Bug 6443 – [GSoC] Catching exceptions in fibers broken on Windows/Linux x86_64
Status
RESOLVED
Resolution
FIXED
Severity
critical
Priority
P2
Component
druntime
Product
D
Version
D2
Platform
x86
OS
Windows
Creation time
2011-08-06T12:23:00Z
Last change time
2011-10-29T00:56:55Z
Assigned to
nobody
Creator
code
Comments
Comment #0 by code — 2011-08-06T12:23:46Z
The following program crashes on Windows for me, while working as expected on Linux and OS X:
---
import core.thread;
import std.stdio;
void main() {
(new Fiber({
try {
throw new Exception("Foo!");
} catch (Exception e) {
stderr.writefln("Caught: %s", e);
}
})).call();
}
---
DMD/druntime from Git master, running on Windows Server 2008 R2 x86_64 (inside a VirtualBox VM, but that shouldn't matter). When building/debugging with Visual D, I get a stack overflow in release mode (somewhere inside KernelBase.dll), and a »Unhandled exception at 0x7547b9bc in ConsoleApp1.exe: 0xE0440001: 0xe0440001« in debug mode.

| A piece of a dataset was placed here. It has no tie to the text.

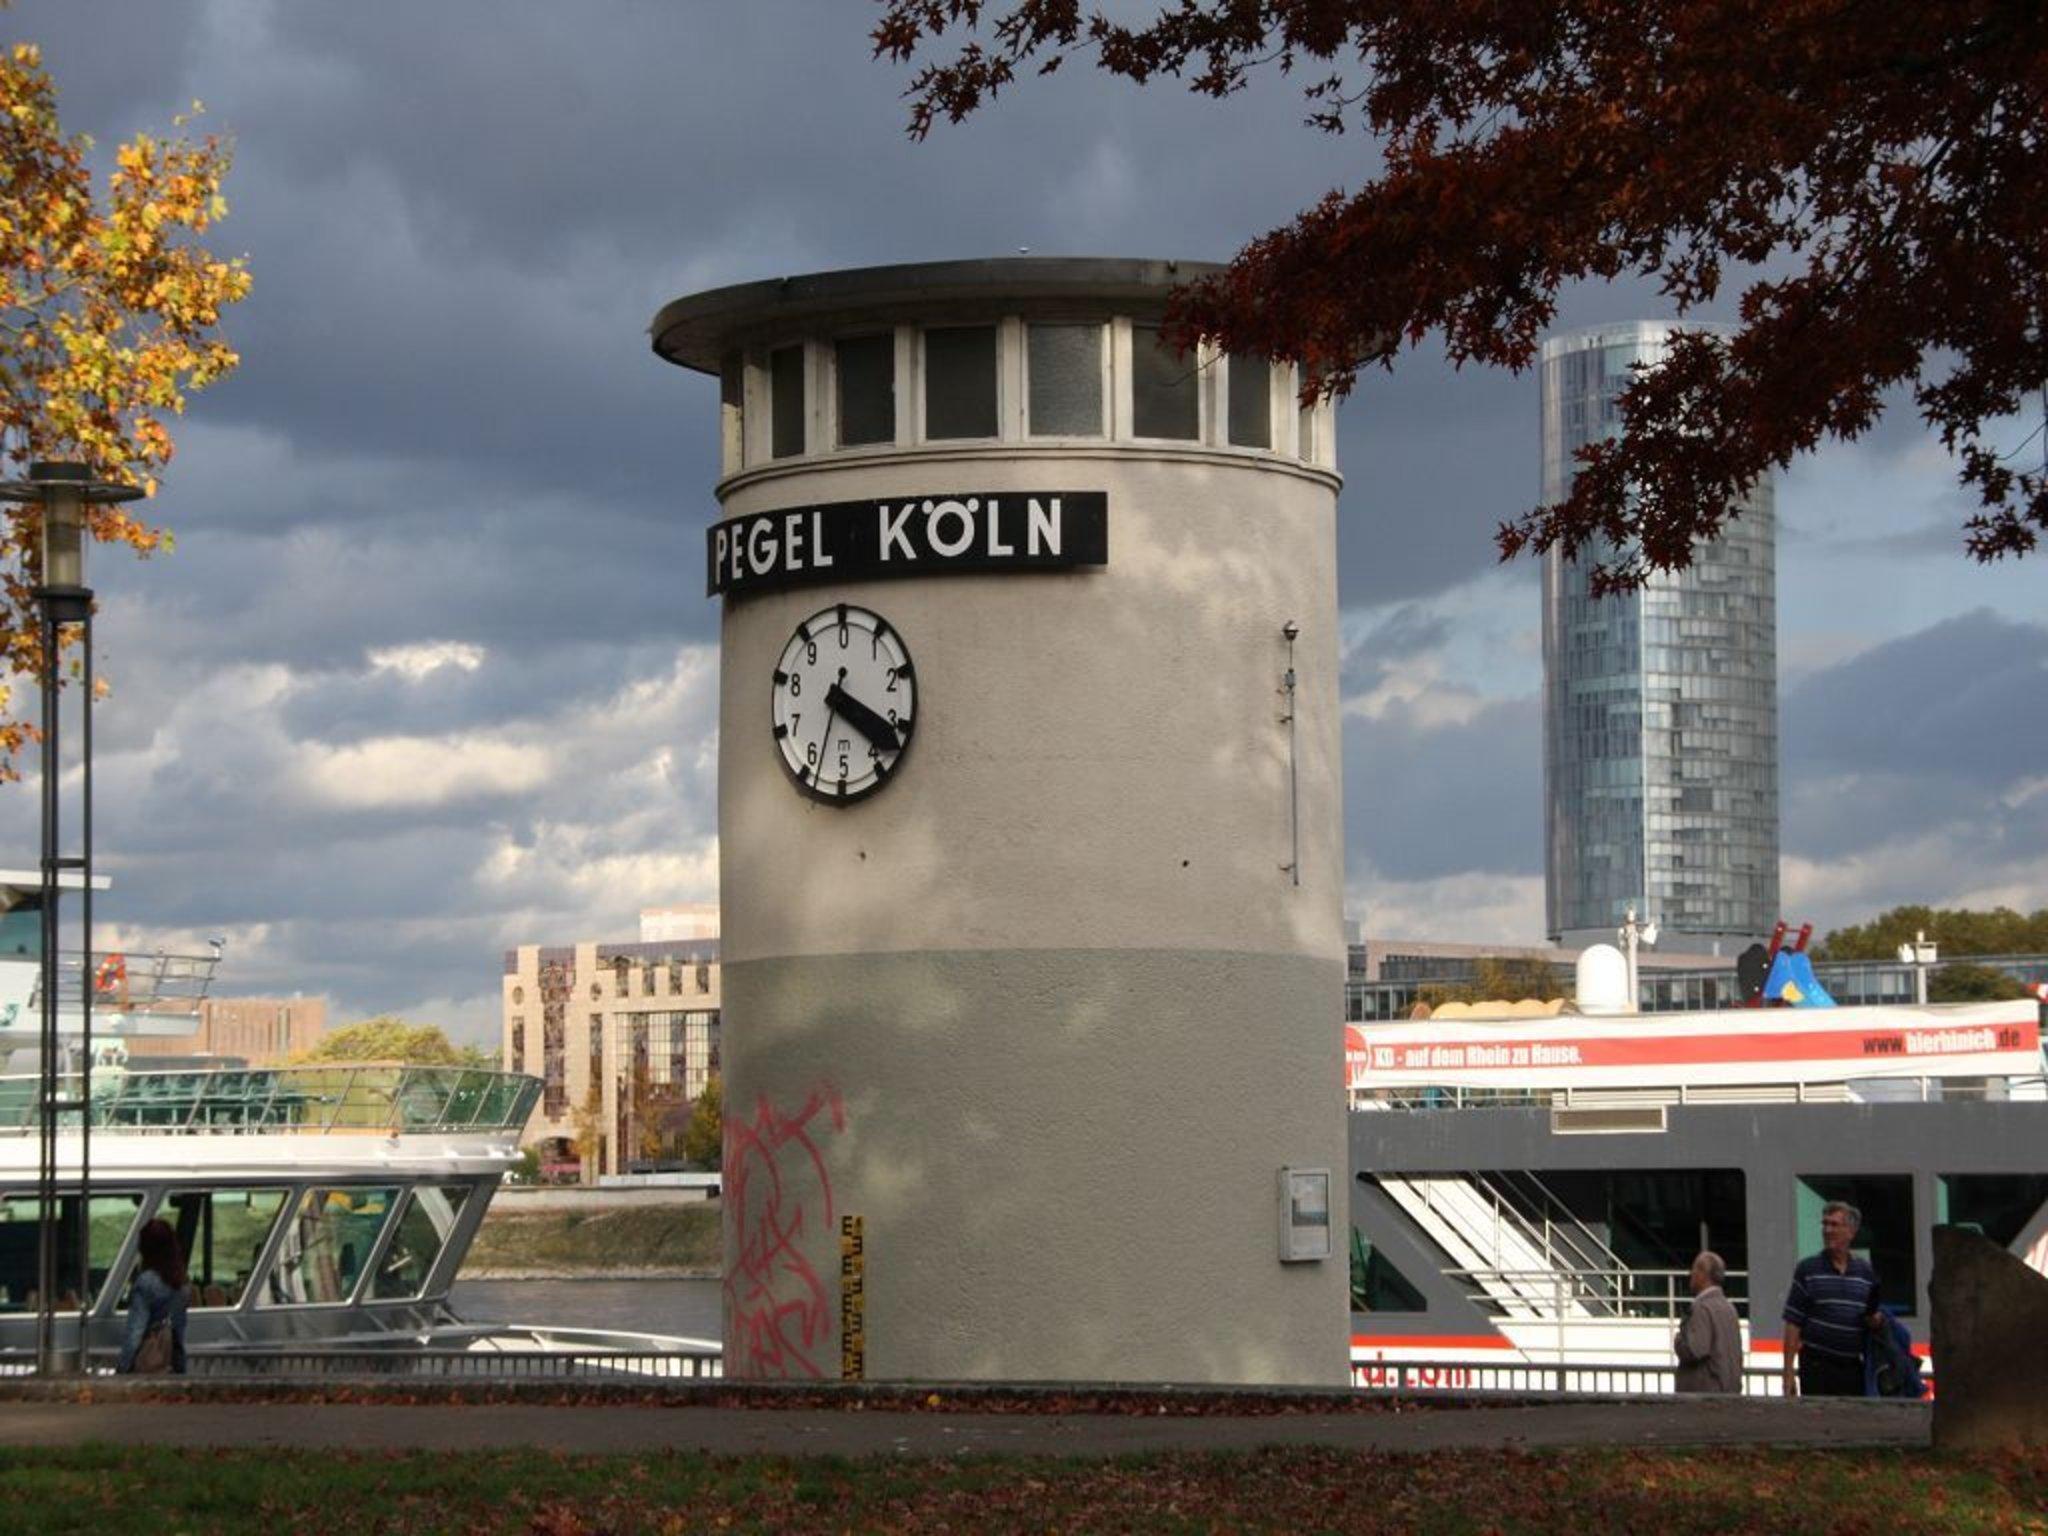 Pegel Rhein Köln

Since 0xe044001 is STATUS_DIGITAL_MARS_D_EXCEPTION, the obvious guess would be that the fiber context switching code is somehow messing with SEH, so that the exception is never actually caught. Unfortunately, I don't know enough about the Win32 internals to be able to efficiently track this down.

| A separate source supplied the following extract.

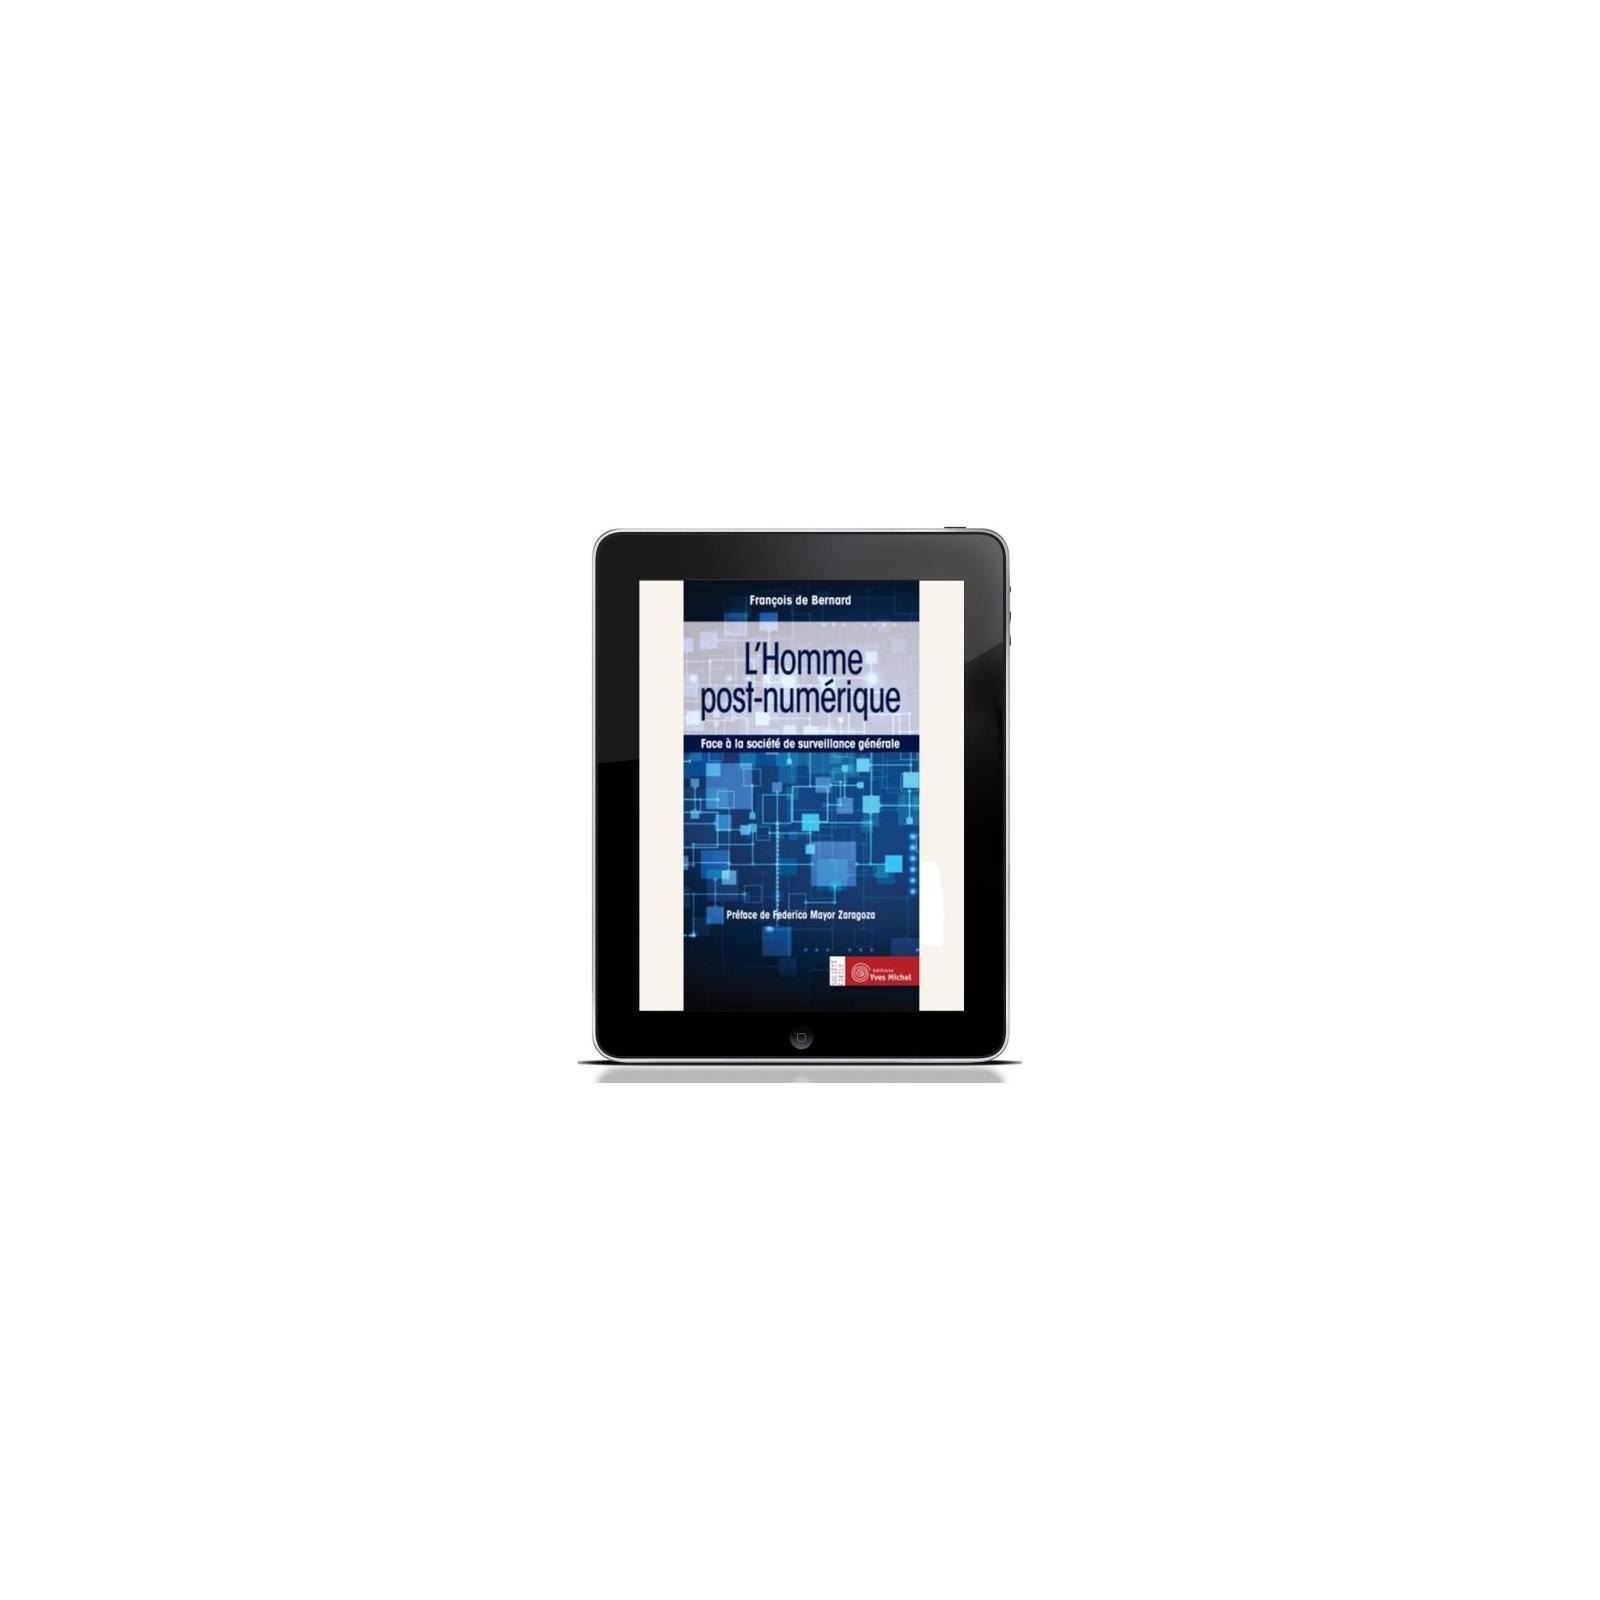 L'Homme post-numérique (Ebook)

Comment #1 by code — 2011-08-06T12:28:00Z
(the writefln() was only for demonstration purposes and is not needed in order to trigger the bug)

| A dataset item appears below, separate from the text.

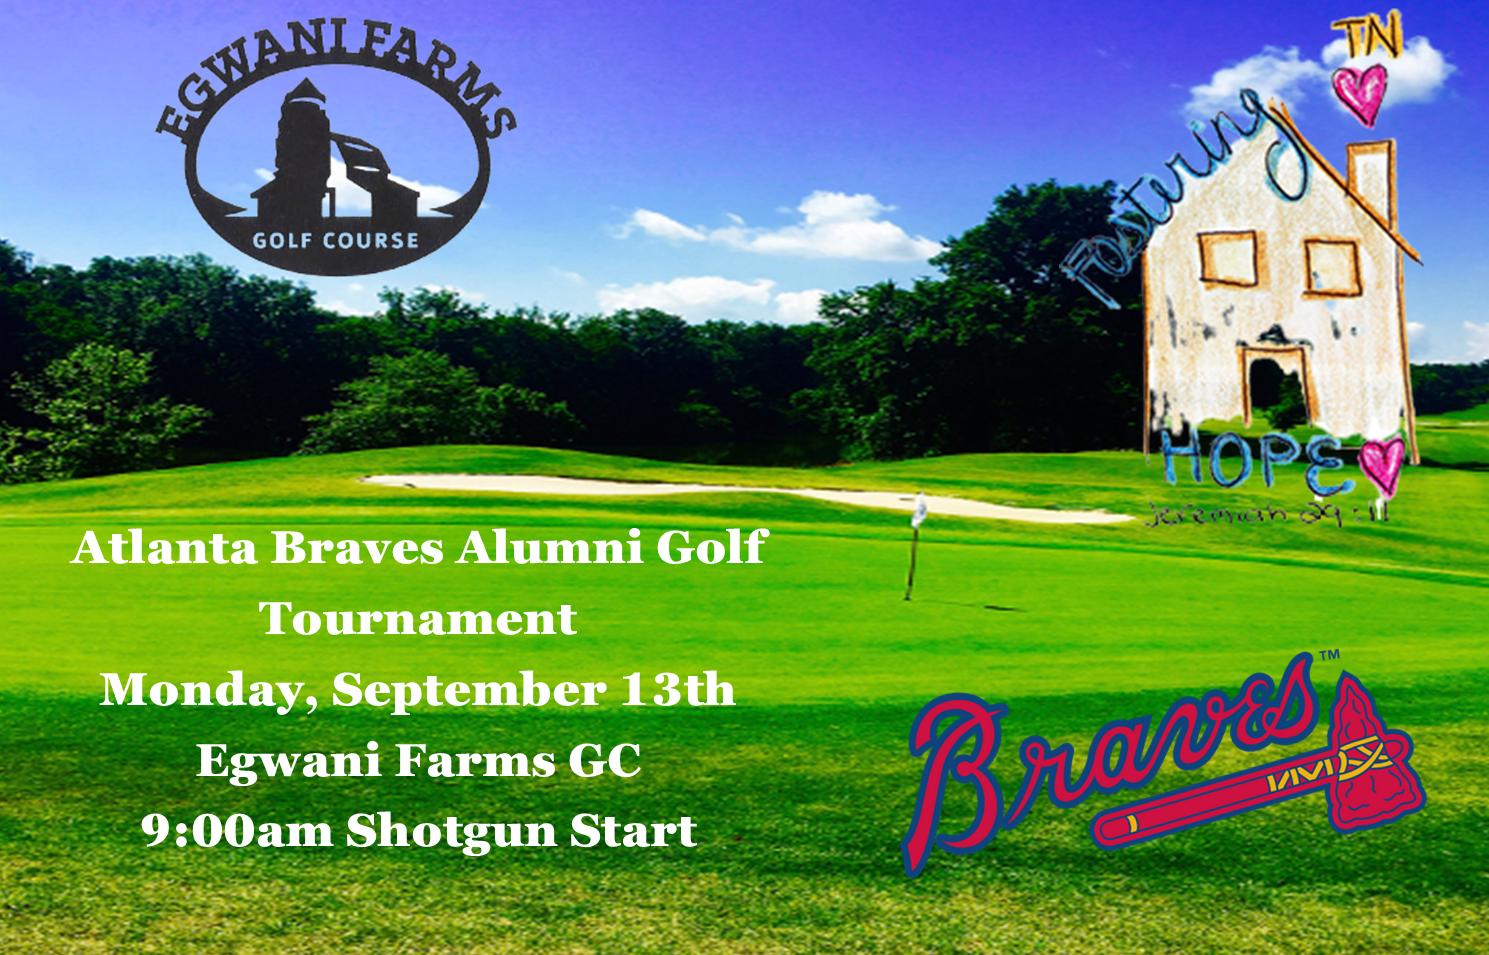 Atlanta Braves Alumni Golf Tournament- Sept 13th

Comment #2 by code — 2011-08-10T21:39:58Z
I unfortunately stand corrected: The snippet crashes on Linux x86_64 as well:
---
#0 0x00007ffff7dec9d4 in _dl_sysdep_read_whole_file () from /lib/ld-linux-x86-64.so.2
#1 0x00007ffff7de68aa in _dl_load_cache_lookup () from /lib/ld-linux-x86-64.so.2
#2 0x00007ffff7de5ebe in _dl_map_object () from /lib/ld-linux-x86-64.so.2
#3 0x00007ffff7defa9b in dl_open_worker () from /lib/ld-linux-x86-64.so.2
#4 0x00007ffff7deb9e6 in _dl_catch_error () from /lib/ld-linux-x86-64.so.2
#5 0x00007ffff7def63a in _dl_open () from /lib/ld-linux-x86-64.so.2
#6 0x00007ffff74df600 in ?? () from /lib/libc.so.6
#7 0x00007ffff7deb9e6 in _dl_catch_error () from /lib/ld-linux-x86-64.so.2
#8 0x00007ffff74df69f in ?? () from /lib/libc.so.6
#9 0x00007ffff74df707 in __libc_dlopen_mode () from /lib/libc.so.6
#10 0x00007ffff74bbbb5 in ?? () from /lib/libc.so.6
#11 0x00007ffff79c5ff0 in pthread_once () from /lib/libpthread.so.0
#12 0x00007ffff74bbcd4 in backtrace () from /lib/libc.so.6
#13 0x0000000000419cf3 in core.runtime.defaultTraceHandler() ()
#14 0x0000000000000000 in ?? ()
---
From the above trace, this seems to be a problem in the default backtrace handler, and indeed, when I disable it by calling rt_setTraceHandler(0) (e.g. from GDB), the program works as expected (on Windows, it crashes regardless of whether the handler is enabled or not).
Comment #3 by code — 2011-08-10T22:03:39Z
*** Issue 6025 has been marked as a duplicate of this issue. ***
Comment #4 by sean — 2011-08-19T14:42:38Z
It sounds like the Fiber code isn't properly setting something the backtrace code needs to know where the base of the stack is. It may take a while to figure this one out.
Comment #5 by code — 2011-10-29T00:56:55Z
Fixed in 2.056. Sean, do you really insist on not closing »your« bugs until the release is out? Immediately closing them after the fix is in would reduce the chance of bugs accidentally staying open, and help Walter compile the changelog.